The fund has an arrangement with BNY Mellon Transfer, Inc., (the "Transfer Agent"), a subsidiary of BNY and an affiliate of the Adviser, whereby the fund may receive earnings credits when positive cash balances are maintained, which are used to offset Transfer Agent fees. For financial reporting purposes, the fund includes transfer agent net earnings credits, if any, as an expense offset in the Statement of Operations.
The fund has an arrangement with The Bank of New York Mellon (the "Custodian"), a subsidiary of BNY and an affiliate of the Adviser, whereby the fund will receive interest income or be charged overdraft fees when cash balances are maintained. For financial reporting purposes, the fund includes this interest income and overdraft fees, if any, as interest income in the Statement of Operations.
The fund compensates the Transfer Agent, under a transfer agency agreement, for providing transfer agency and cash management services for the fund. The majority of Transfer Agent fees are comprised of amounts paid on a per account basis, while cash management fees are related to fund subscriptions and redemptions. During the period ended December 31, 2025, the fund was charged $162,225 for transfer agency services. These fees are included in Shareholder servicing costs in the Statement of Operations. These fees were partially offset by earnings credits of $29,438.
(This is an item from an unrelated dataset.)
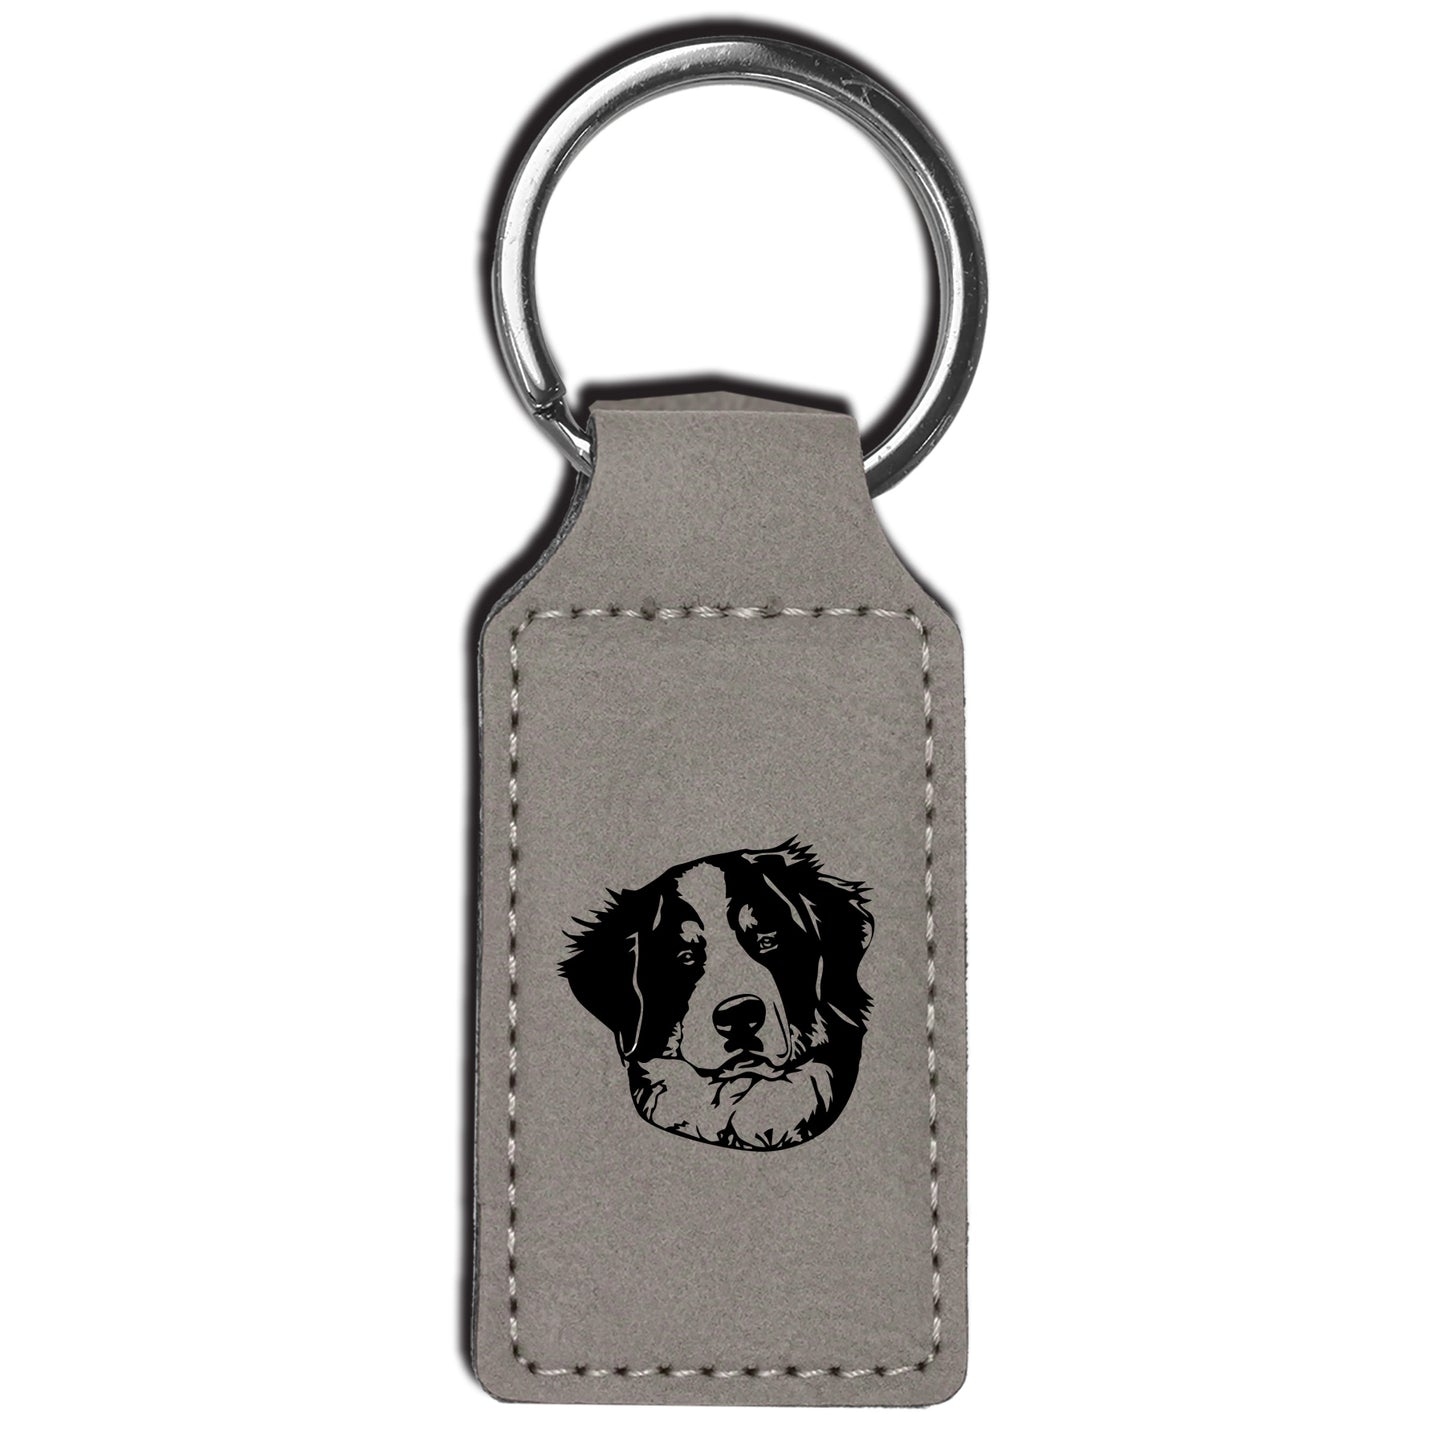 Bernese Mountain Dog Leatherette Key Chain
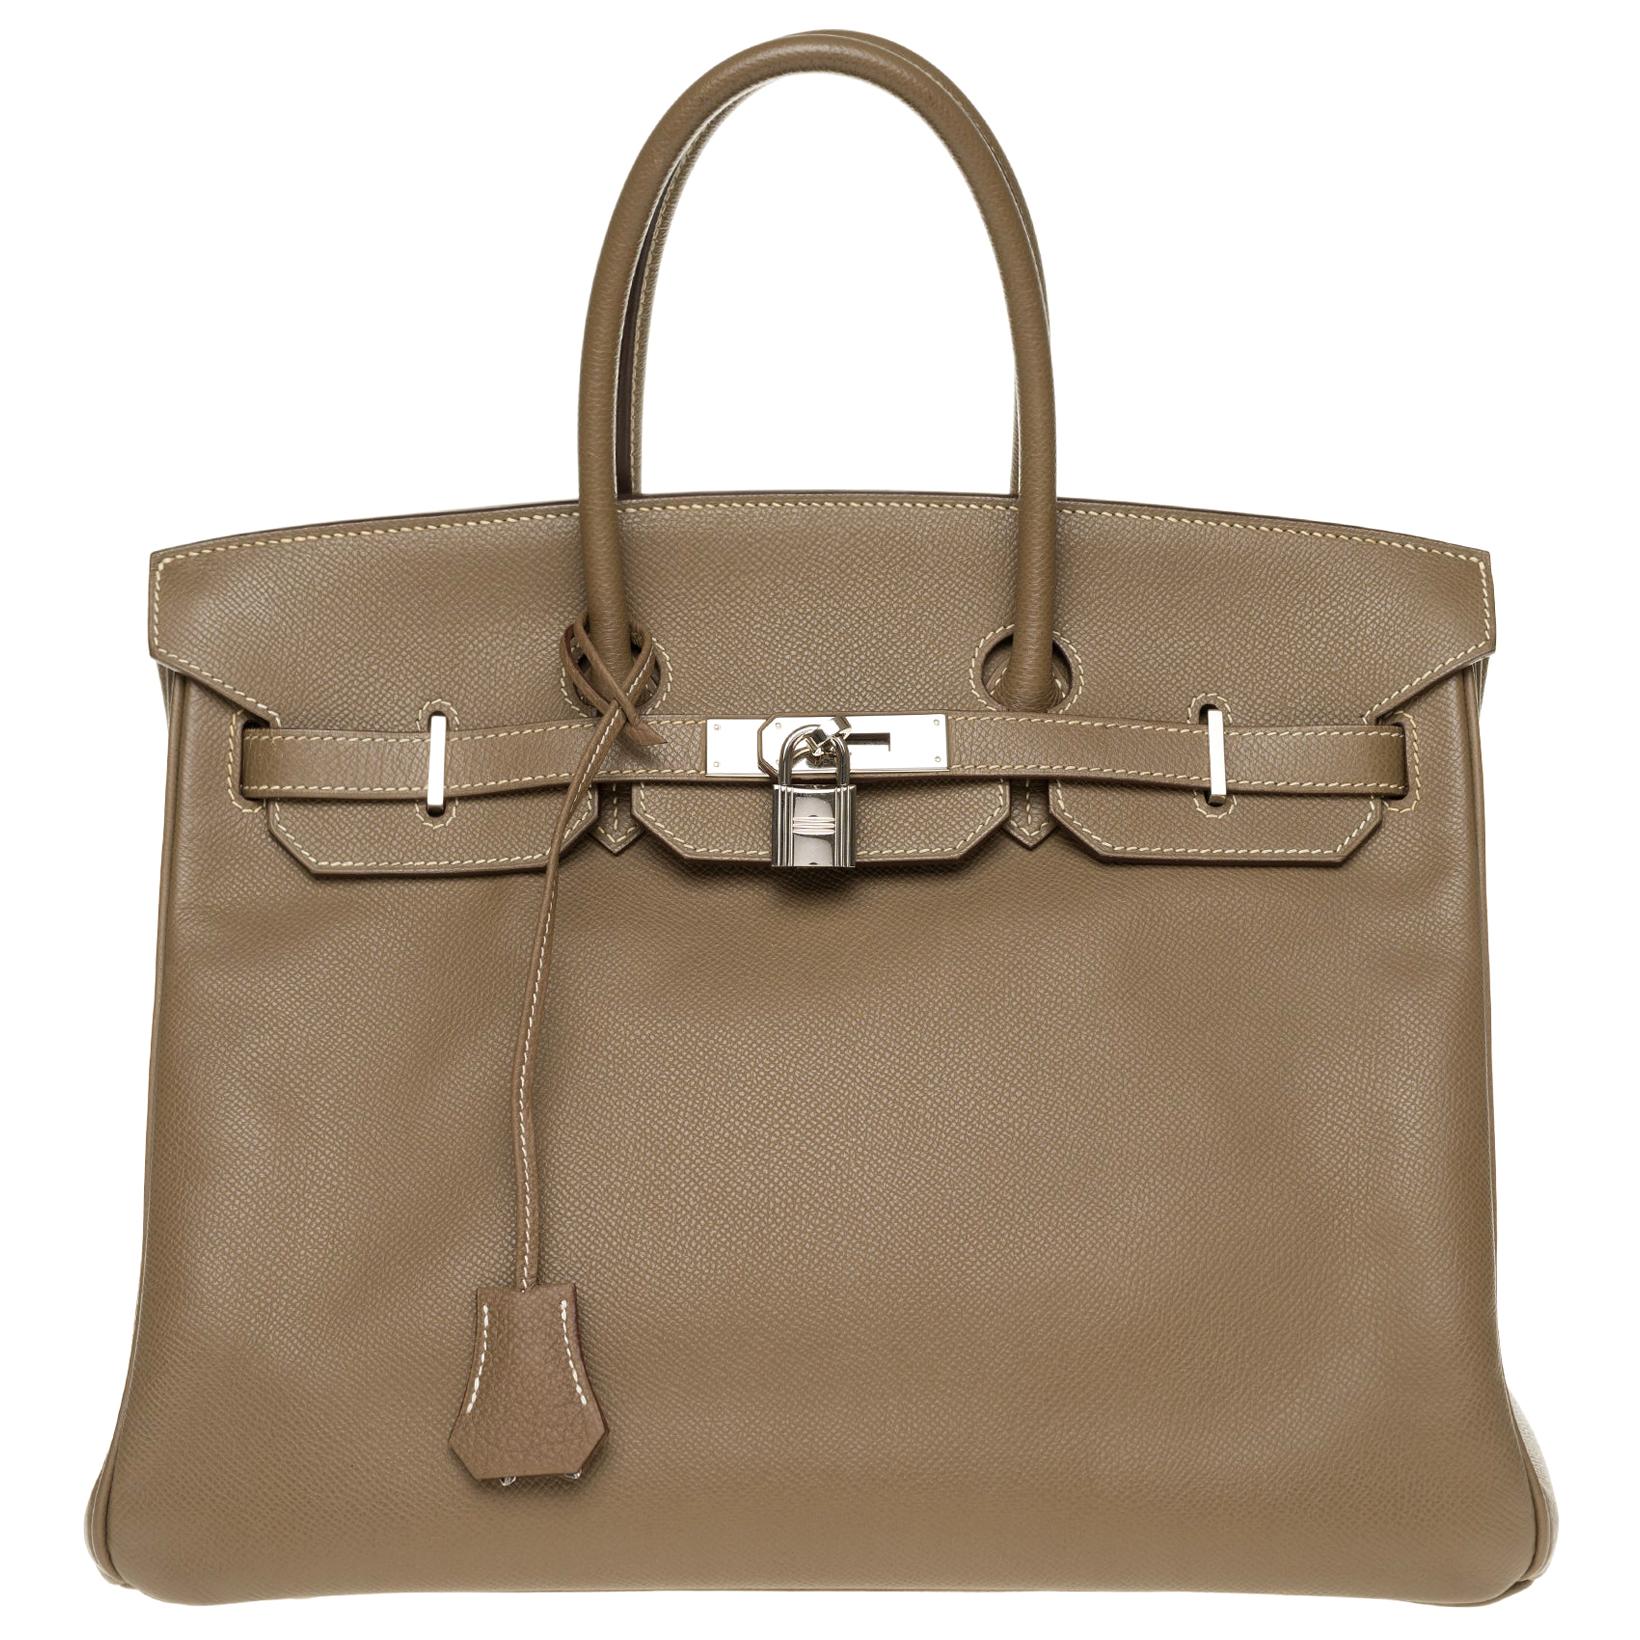 Hermès Birkin 35 handbag in Epsom Etoupe with Silver hardware !

The fund compensates the Custodian, under a custody agreement, for providing custodial services for the fund. These fees are determinedbased on net assets, geographic region and transaction activity. During the period ended December 31, 2025, the fund was charged $38,041 pursuant to the custody agreement.
During the period ended December 31, 2025, the fund was charged $25,951 for services performed by the fund's Chief Compliance Officer and his staff. These fees are included in Chief Compliance Officer fees in the Statement of Operations.
The fund compensates the Custodian for providing shareholder reporting and regulatory services for the fund. These fees are included in Shareholder and regulatory reports service fees in the Statement of Operations. During the period ended December 31, 2025, the Custodian was compensated $16,167 for financial reporting and regulatory services.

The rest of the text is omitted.